GILROY—It goes without saying a father will do anything to protect his son. This past spring Steven Montgomery put those words into action, playing center and blocking for his son Sterling Montgomery as he played quarterback for the Gilroy-based Central Coast Barnstormers semi-pro football team.
Their time on the field together was short lived due to injuries, but that makes the memory that much more valuable.
Sterling and Steven took the field together not only as father and son, but as teammates in Week 2. They helped the Barnstormers to a 27-21 win over the Richmond War Eagles at the Garcia-Elder Sports Complex despite the elder Montgomery blowing out his shoulder in the third quarter. Steven wasn’t about to pass up the opportunity to play with his son and fought through the pain to finish the game.
“For him to come out and play a semi-pro football with me is (awesome); he’s the man,” Sterling said. “He has that heart and drive—he’s Steven Montgomery. He always says that I can do anything. I think that he proved to a lot of the younger guys with amazing talent that he has that heart. He is no slouch.”
Sterling, who was named a Pacific Coast Football League Top Performer for Weeks 1 and 2, suffered a medical collateral ligament sprain—an injury to the ligament on the inner part of the knee—and severe bone contusion on his left knee in Week 3 against the Delta Ducks. With college looming just around the corner, Sterling and his father decided it was best for him to sit out the rest of the season in order to be healthy enough to compete for the starting job at Gavilan—which he is currently vying for. While their seasons were over, both took solace in the memories created in Week 2—until the final week of the regular season that is.
The Barnstormers were taking team pictures before their May 31 game against the Golden State Giants, so Steven and Sterling put on their gear and headed over to GHS. They walked hand in hand onto the field as captains but Steven didn’t bother to put on full pads, suiting up with only shoulder pads, a helmet and his jersey. In the fourth quarter, his teammates were teasing him to go back in despite the fact that he’d had surgery just six week prior.
“I don’t even have a mouthpiece,” he told his teammates before someone threw him one. Without asking the coaches, Steven snuck out to get a couple more series under his belt. But when the quarterback realized it was Steven snapping to him, he called a timeout.
“All of a sudden I hear the crowd cheering and I hear our sideline cheering and I look over and out comes trotting Sterling. It was something pretty special, you know?”, Steven said, fighting back tears and the lump in his throat. “I went back and gave him a big hug and said ‘This is it; this is it for me, man. Let’s go ring the bell one more time’ and we did. We drove down and six plays later, he throws for a 35-yard touchdown pass and that was it.”
The Barnstormers went on to win 52-16, but the victory pales in comparison to the memories the Montgomerys created on that field.
“It’s priceless.
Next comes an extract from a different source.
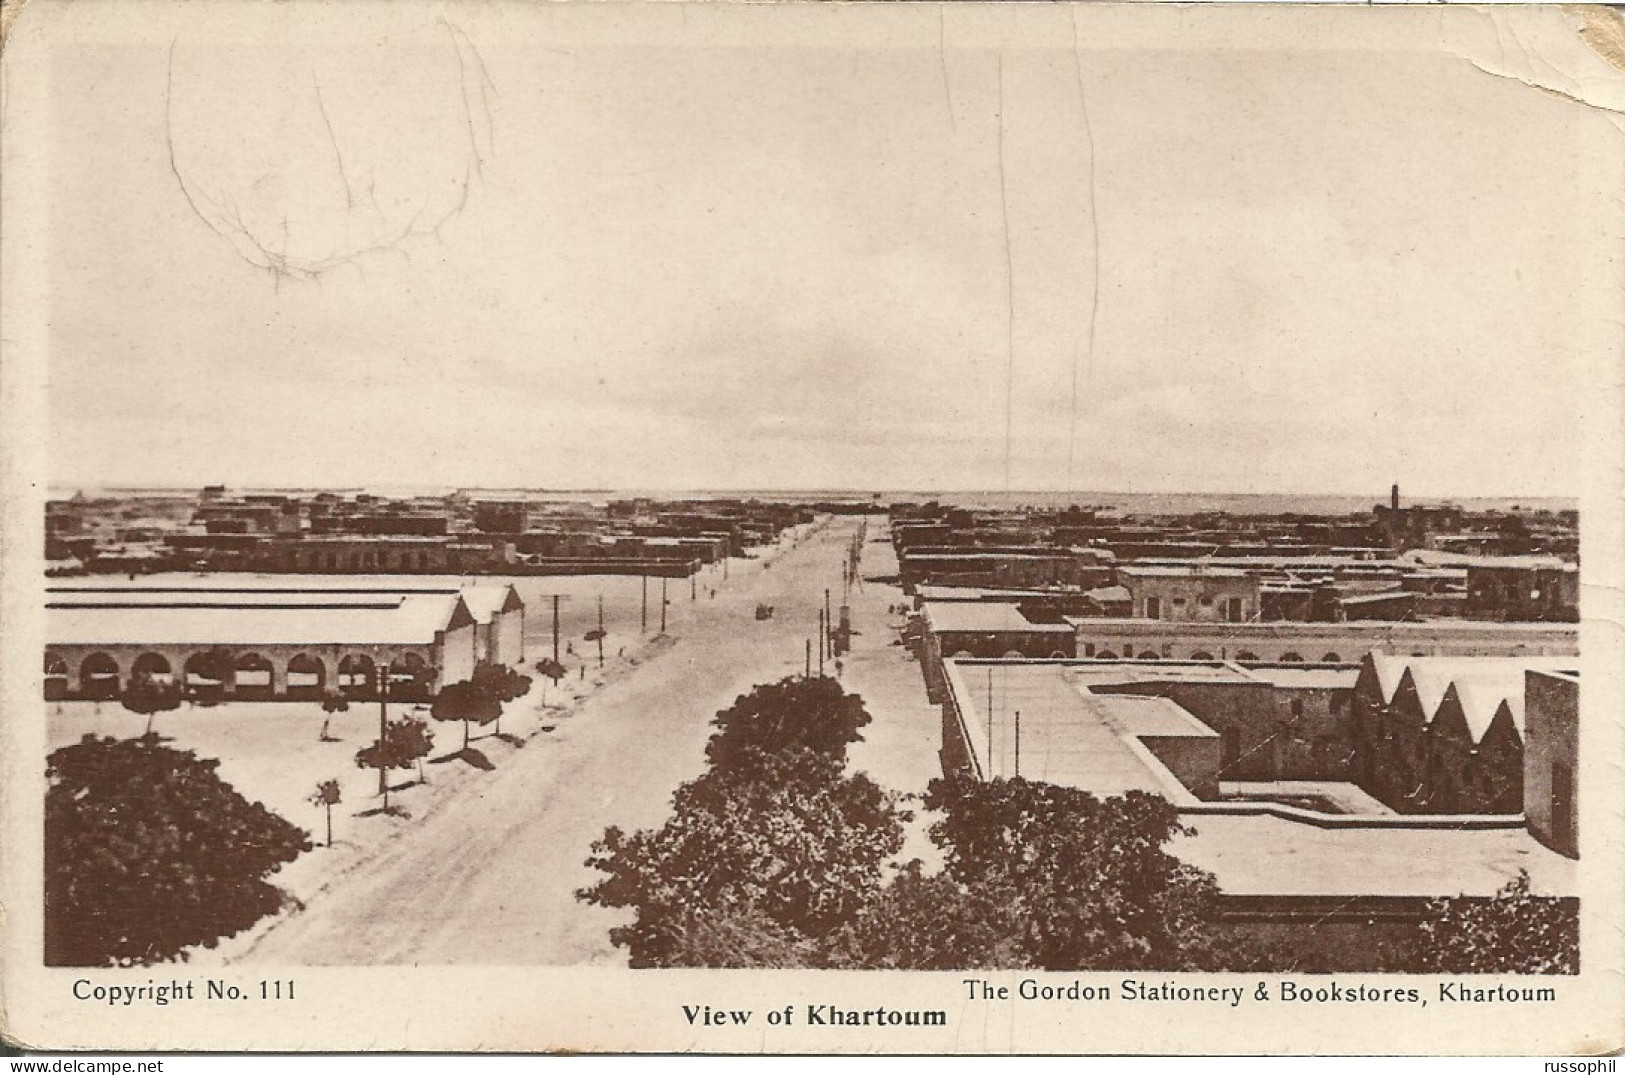 SOUDAN - SUDAN - VIEW OF KHARTOUM - PUB. THE GORDON STATIONERY AND BOOKSTORE N° 111 - 1927 - Sudan

Surgery? It’s OK. Sneaking out that last game I definitely set the recovery back, but it was totally worth it,” Steven said.
Sterling calls his father his biggest supporter and his best friend, crediting him for shaping him into the quarterback he is today and for helping him earn the starting job with Christopher High the past two seasons. Steven, who played center for Bremerton High School in Bremerton, Wash., snapped to his son during their practice sessions over the last three and a half years, took him to training camps, taught him proper nutrition, was his workout partner and, most importantly, Sterling said, was there for moral support.
“My dad has always supported me with whatever I wanted to do and has let me walk my own path with his guidance, of course,” Sterling said. “My dad is really my best friend and I can go to him for anything. Some days, some weeks get really hard—especially back in high school with finals coming up, training, trying to develop with me not playing the position very long. He was part of the backbone that kept me going and took out some of the bad stuff in my life that I didn’t need—the bad influences and stuff. He’s kept me on the right path and he’s given me the right tools in my life to succeed.”
“He gave up a lot for it (football), but I think it was the thing that kept him away from drugs and alcohol and all those things,” Steven added. “Sterling has really made it easy to be a parent for the most part.”
While the duo won’t remember every snap or every series, they will remember the little things. For Steven, it’s wearing his son’s cleats customized with the No. 13 and nickname “Gunner” and playing on the same field Sterling spent his high school career on that stick out the most.
For Sterling, he remembers his dad asking to walk arm in arm with him off the field of the Garcia-Elder Sports Complex following his final high school game—a 24-0 loss to St. Ignatius in the opening round of the Central Coast Section Division III playoffs on Nov. 22, 2013. Sterling asked his dad the very same question following his last Barnstormers game on May 31 and the duo walked of the field, arm in arm, together one final time.
“I think that this whole experience is just a lifelong memory that you can’t buy,” Sterling said. “There’s almost no words to explain being in an actual sport with your father with this kind of relationship and actually being able to play with him. It’s almost unexplainable, but for me and my dad we both understand what means because we did it together.”